Das bedeutet nicht, dass wir keine Neukunden mehr annehmen. Aber wir schauen uns Anfragen in dieser Phase des Jahres besonders genau an. Ein kurzer Blick auf Google Earth vor dem Erstgespräch hilft schon enorm bei der Einschätzung, ob der Garten interessant sein könnte. Und auch im Telefonat merke ich schnell, ob Projekt und Mensch zu uns passen oder nicht. Gibt es da bei uns Zweifel oder schlichtweg nicht ausreichend Kapazität, kommuniziere ich freundlich, zügig und klar, mache auch deutlich, dass das keine Absage auf ewig ist, bin aber ehrlich, und das zahlt auf unsere Reputation ein.

Der Kalender füllt sich von selbst

Bei der Planung für unsere Stammkunden versuchen wir gerade, Folgendes konsequent einzuführen: Wenn wir zum Beispiel eine Frühjahrspflege oder einen Gehölzschnitt abrechnen, schreiben wir direkt auf die Rechnung: „Für den nächsten Pflegedurchgang haben wir bereits folgenden Termin für Sie reserviert. Sollte der für Sie nicht passen, geben Sie uns bitte kurz Bescheid.“ Ein bis zwei Wochen vor dem Termin rufen wir dann kurz an, lassen uns den Termin bestätigen, gestalten das Gespräch aber vor allem als zusätzliche Serviceleistung: Wir erfragen die aktuelle Gartensituation, klären, ob durch den Winter zusätzliche To-dos entstanden sind. Dadurch können wir abschätzen, ob wir mehr Zeit einplanen müssen oder zusätzliches Material und Werkzeug brauchen. So kommen wir auf den Punkt vorbereitet in den Garten und der Kunde fühlt sich optimal betreut, ohne dass er selbst aktiv werden musste. Für uns bedeutet dieses Vorgehen langfristige Planungssicherheit, sowohl terminlich als auch finanziell, und nach der ersten Erfahrung kann ich nur sagen: Es klappt gut, Absagen sind bisher die absolute Ausnahme.

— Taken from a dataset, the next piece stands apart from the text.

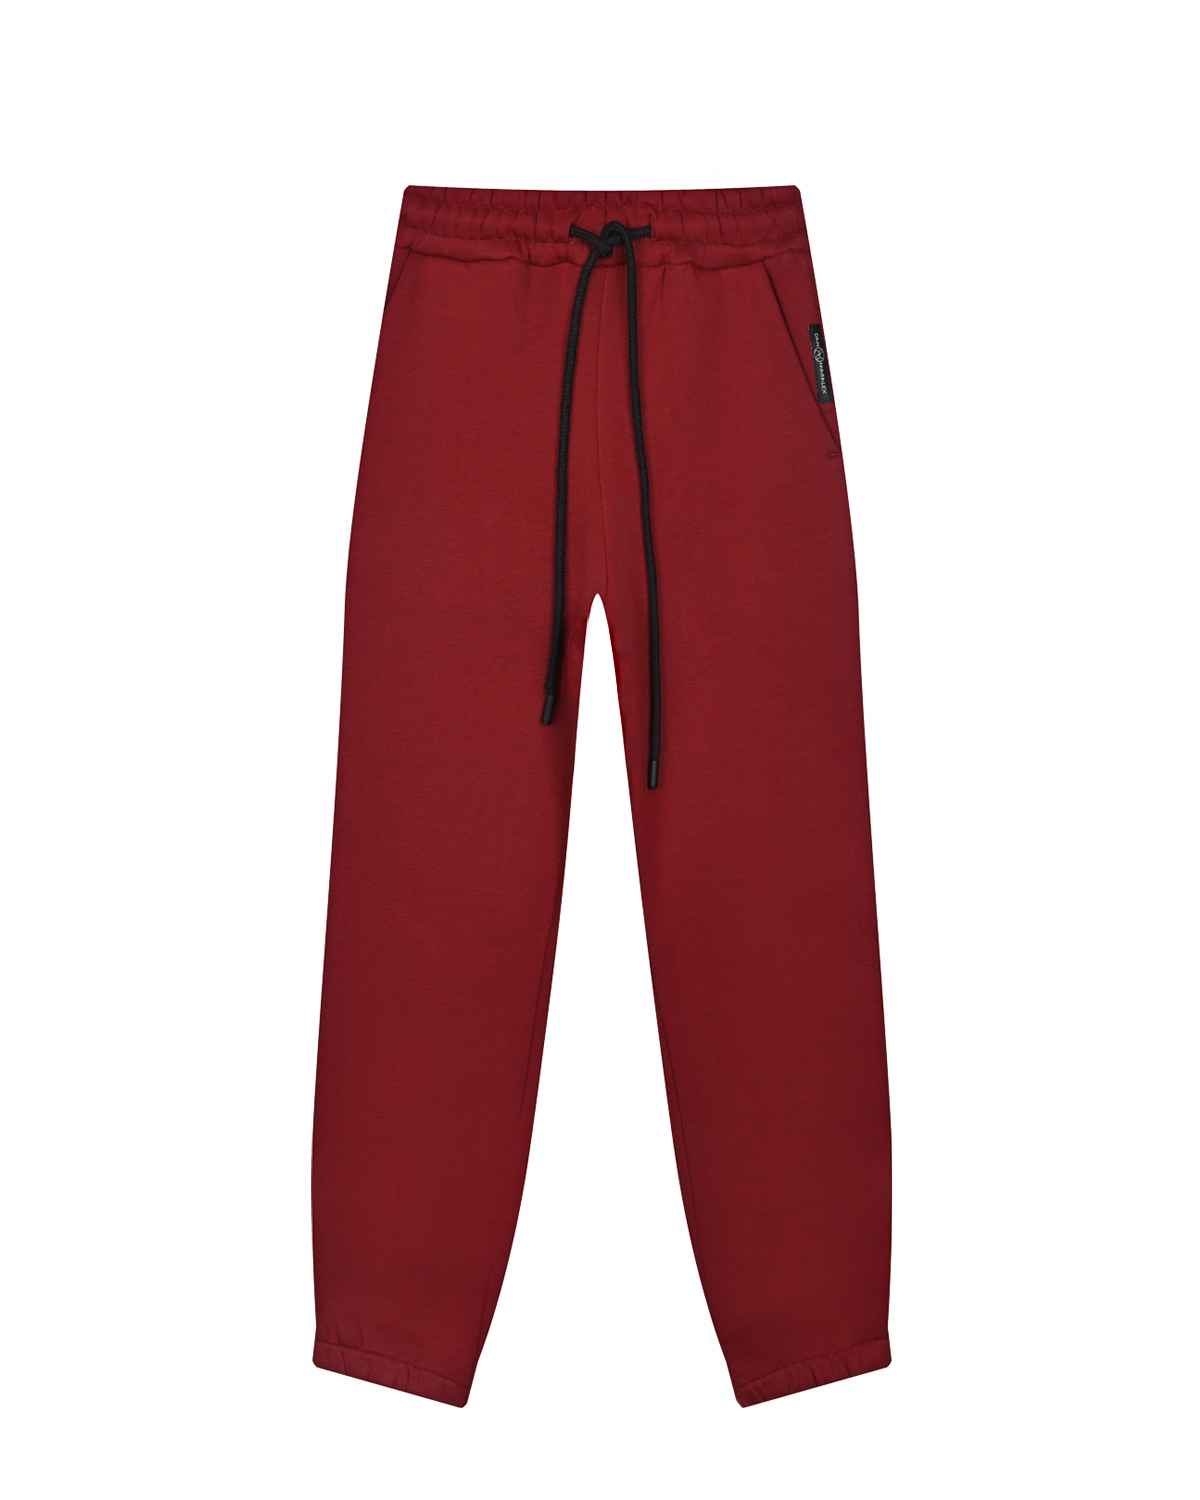 Бордовые спортивные брюки Dan Maralex детские, размер 164, цвет бордовый

Auch der Kalender braucht Pflege

Ein wichtiger Baustein, um den Frühjahrsansturm gut zu bewältigen, ist ein sorgfältig gepflegter Kalender. Wir blocken immer langfristig Kapazitäten für die Kunden, bei denen wir wöchentlich sind. Auch die regelmäßigen Arbeiten, die in größeren Abständen anfallen, terminieren wir frühzeitig, so dass diese Termine schon längst im Kalender stehen, bevor der Frühling überhaupt beginnt. So haben wir einen guten Überblick über unsere verbleibenden Kapazitäten. Was ich mir für diese Saison vorgenommen habe: Für wiederkehrende Leistungen nicht mehr auf eine Anfrage zu warten, sondern selbst aktiv zu werden. Das hat Vorteile für alle Beteiligten: Der Kunde bekommt Kontinuität und das Gefühl, gut betreut zu werden. Wir bekommen einen Kalender, der von innen heraus stabil ist und nicht von außen durchgeschüttelt werden kann, selbst nach einem langen Winter. Das Wetter können wir ja bekanntlich nicht organisieren, den Kalender schon.